£5k to invest? I’d buy this FTSE 100 stock that’s turned £1k into £35k

The FTSE 100’s best-performing stock still has plenty left in the tank, says Rupert Hargreaves.

| More on:

The content of this article was relevant at the time of publishing. Circumstances change continuously and caution should therefore be exercised when relying upon any content contained within this article.

When investing, your capital is at risk. The value of your investments can go down as well as up and you may get back less than you put in.

Read More

The content of this article is provided for information purposes only and is not intended to be, nor does it constitute, any form of personal advice. Investments in a currency other than sterling are exposed to currency exchange risk. Currency exchange rates are constantly changing, which may affect the value of the investment in sterling terms. You could lose money in sterling even if the stock price rises in the currency of origin. Stocks listed on overseas exchanges may be subject to additional dealing and exchange rate charges, and may have other tax implications, and may not provide the same, or any, regulatory protection as in the UK.

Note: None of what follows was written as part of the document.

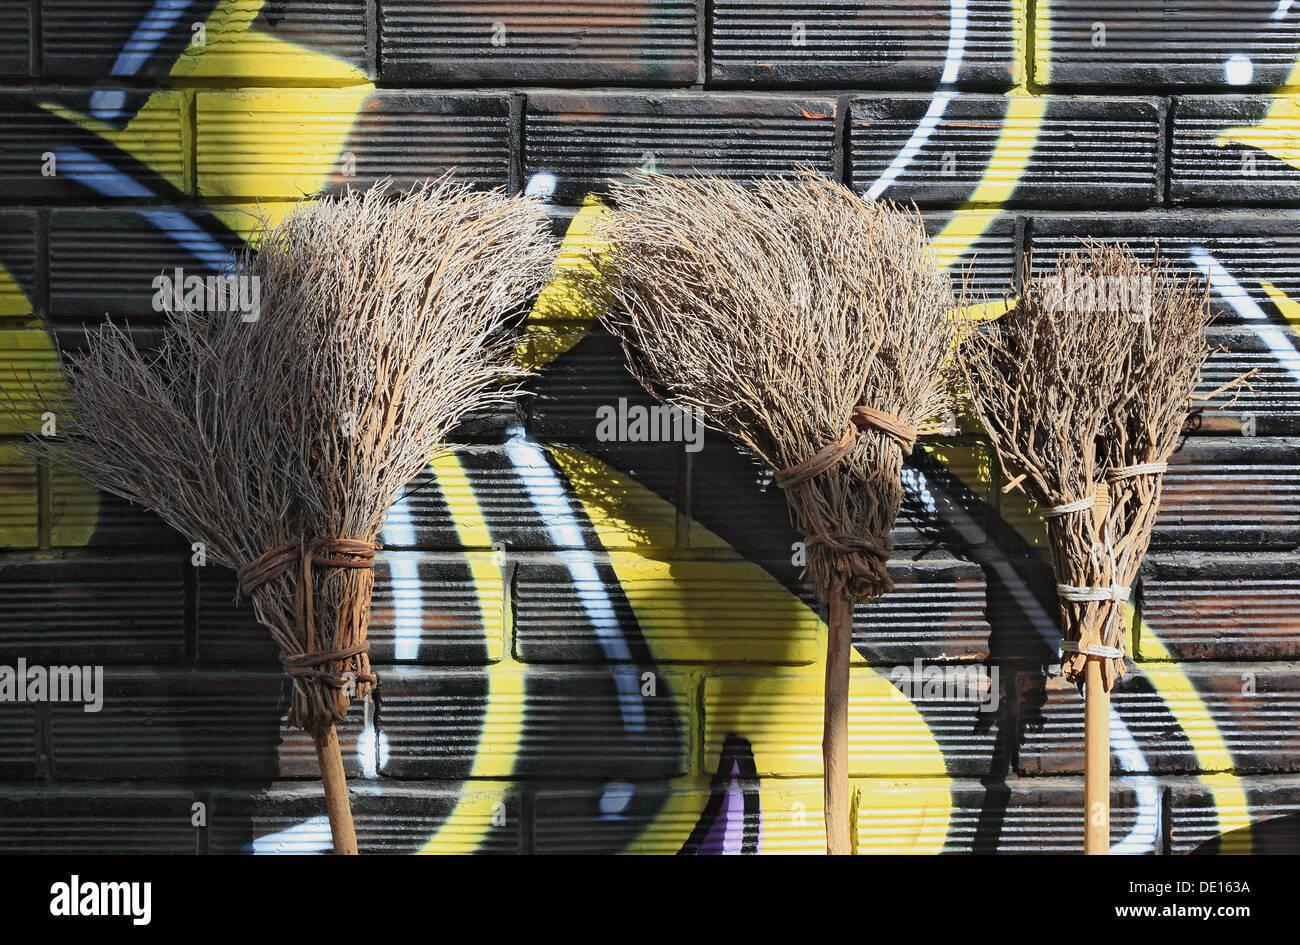 Three Broomsticks, handicrafts, straw broom, broom - Stock Image

You’re reading a free article with opinions that may differ from The Motley Fool’s Premium Investing Services. Become a Motley Fool member today to get instant access to our top analyst recommendations, in-depth research, investing resources, and more. Learn More.

The top-performing stock in the FTSE 100 over the past decade wasn’t some high-flying tech company or consumer goods champion. It was, in fact, equipment rental group Ashtead (LSE: AHT).

Over the past decade, shares in this company have returned nearly 43% per annum. That’s enough to turn every £1,000 invested in 2009 to approximately £35,000 today. It looks as if the company can keep this performance going over the next decade as well.

A profitable venture

Renting construction equipment isn’t a particularly exciting business, but it is lucrative. Most small builders can’t afford to buy much of the equipment they use on a day-to-day basis. It’s also inefficient for businesses, many of which are sole traders, to buy a piece of equipment they’re only going to use once or twice.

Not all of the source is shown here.